If anyone is reading this and thinks for a second any of the lender in Eoli's list have any credibility; DONT GET A LOAN WITH THESE LENDERS – STICK TO A BANK!
DONT USE THESE LENDERS – they are all the same lenders. Just different "mortgage managers'.
eloi wrote:Banker you know that the only reason nonn banks stopped lending was because the wholesale lending stopped so they couldnt tap any money to finance and lend to customers and that the only reason the majors gave cheaper rates during the crisis was so they could get more of the market. In other words get them while they are down and then lift rates later once they are in.
This doesnt make sense. We all know banks have gone above the reserve. Now your saying they are keeping rates low to get marketshare? Even if they do start lifting rates again – at least it is transparent. Not regular increase to existing clients to make a profit while still offering new loans to hook people with low rates?

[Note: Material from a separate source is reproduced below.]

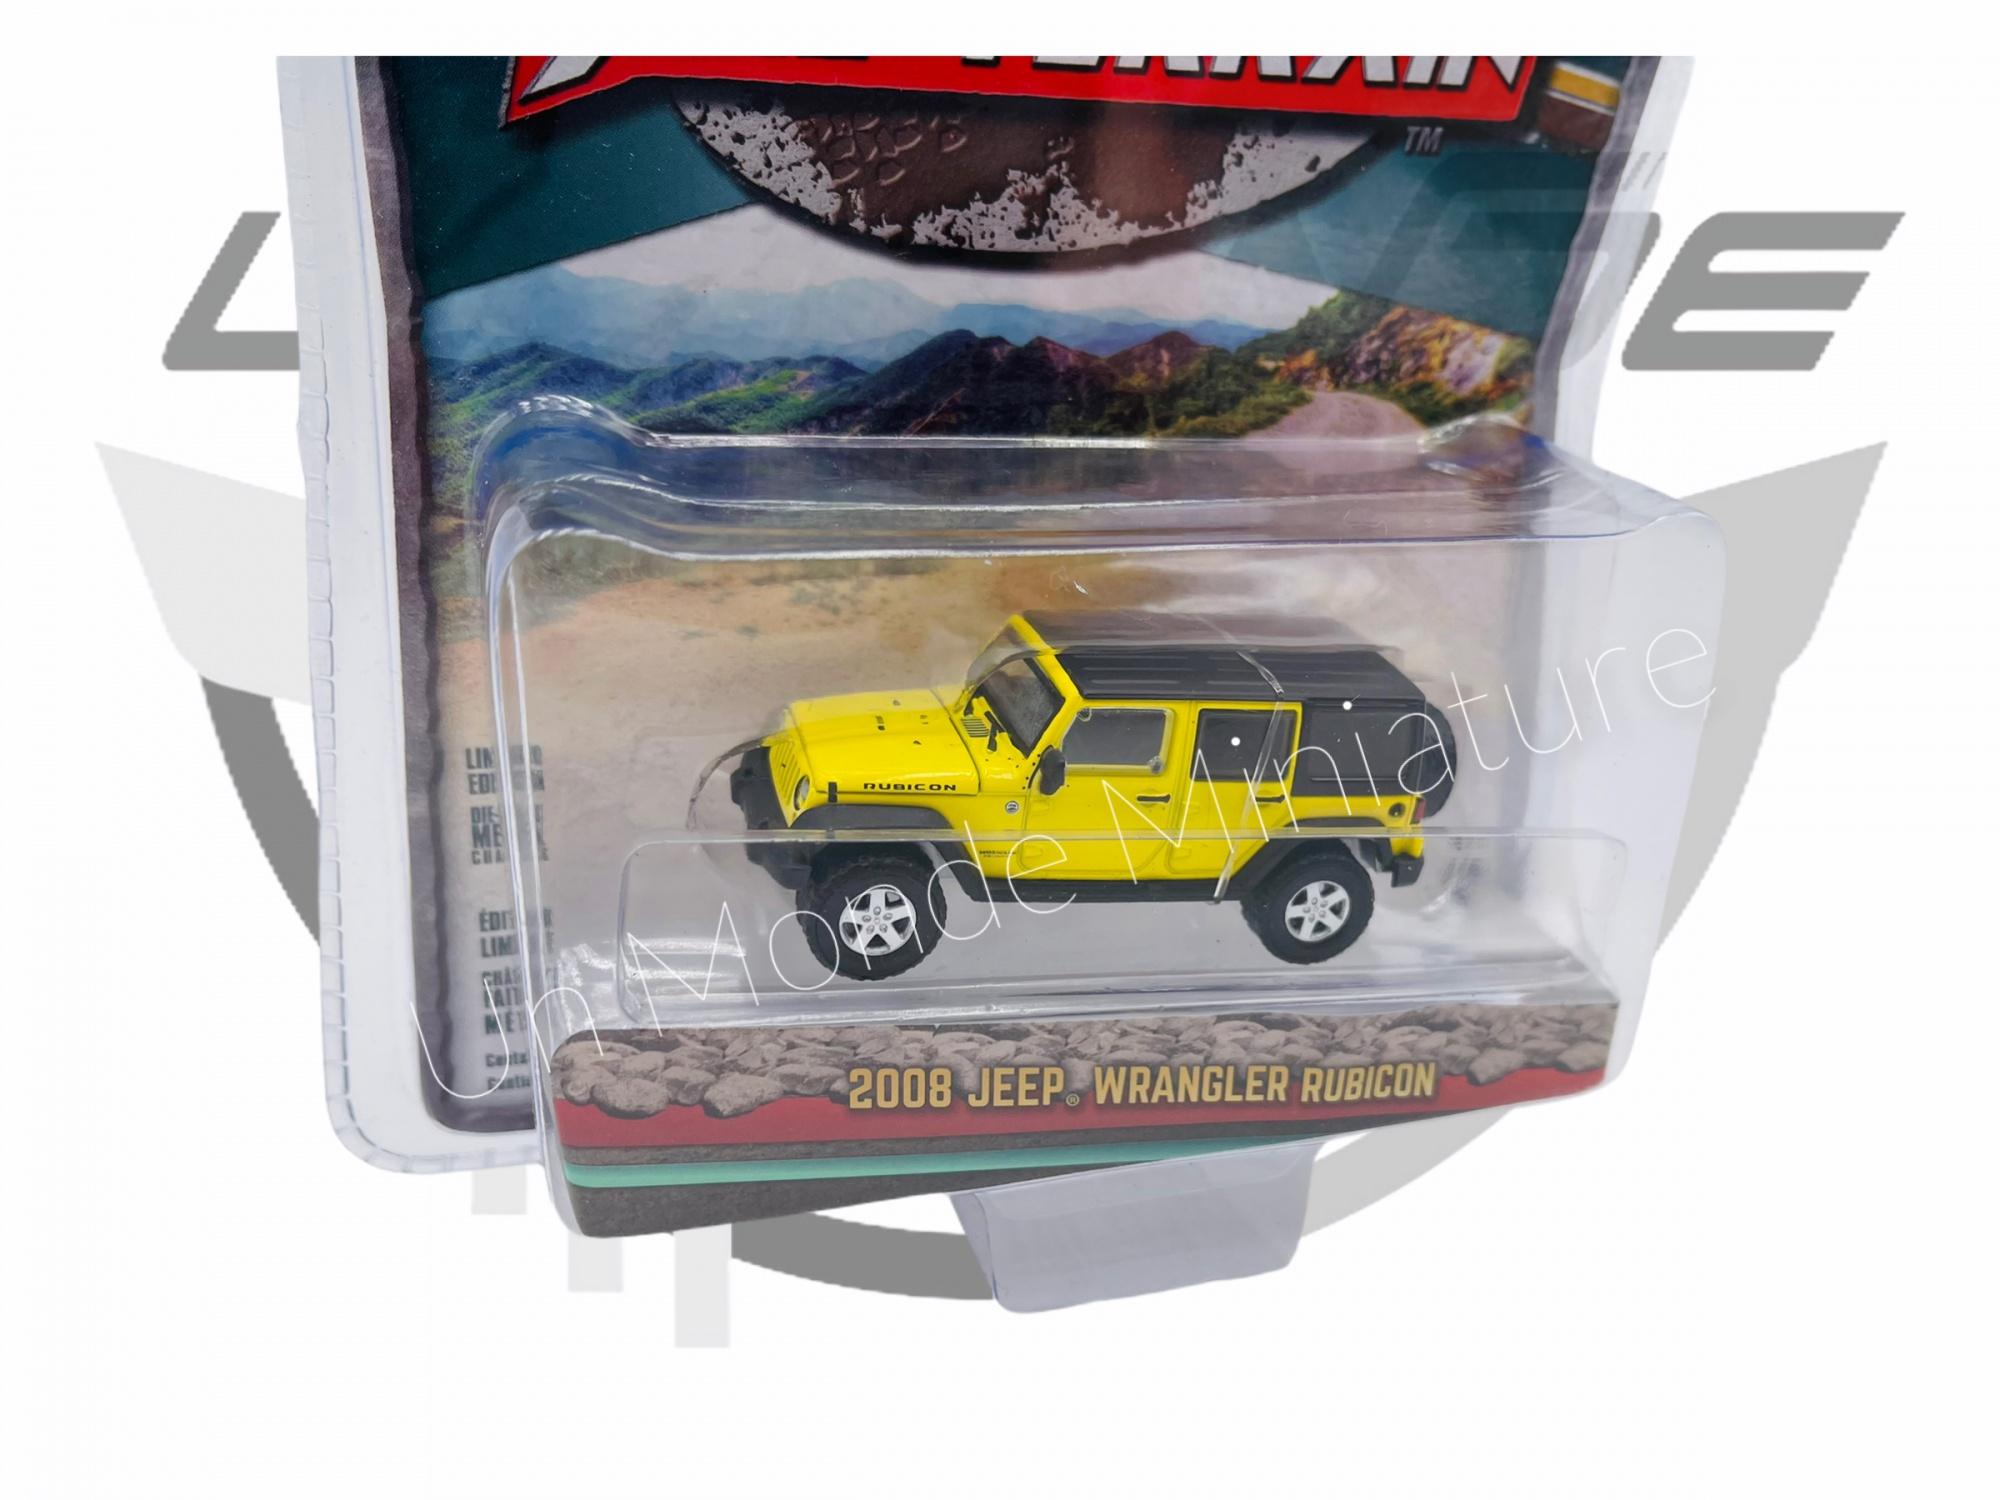 Jeep Wrangler Rubicon 2008 Yellow & Black

Sorry Elio but these buys are simply dodgy and not worth the 0.1%. The 0.1% is not even a real figure – you'll be cheaper for 6 months!
I'm all for competition but not blatent rip offs and dodgy preditors praying on the uneducated home loan seekers.
eloi wrote:LOOOOL i can tell u work for a major bank. We all know that the only reason most of those non bank lenders stuffed up was because of the GFC. If ur talking about exit fees then just look at the major 4, if u want to see higher rates just look at the major 4. All u have to do is have a look at resi, Mortgage house and a few more to see how much better their deal are than the major 4. The problem is that the GFC caught everyone of guard and that includes the major 4. The major 4 where just lucky that they had australians hard earnedmoney in their accounts that they could use to bail themselves out of trouble or else they would be going down the same road and the non banks.Eloi, do a search on this site for exit fees from RAMS or RHG, and see how many members of the forum were stuck with non-banks because of the ridiculous exit fees.
Saying the big 4 were bailed out by savings accounts is ridiculous. They had to borrow from many different sources to fund loans.
This is not a defence of the Big 4; they had a nice government guarantee to help them through the GFC, and their overall treatment of small business was disgraceful, but I'd rather have a strong banking sector than a system like the US system.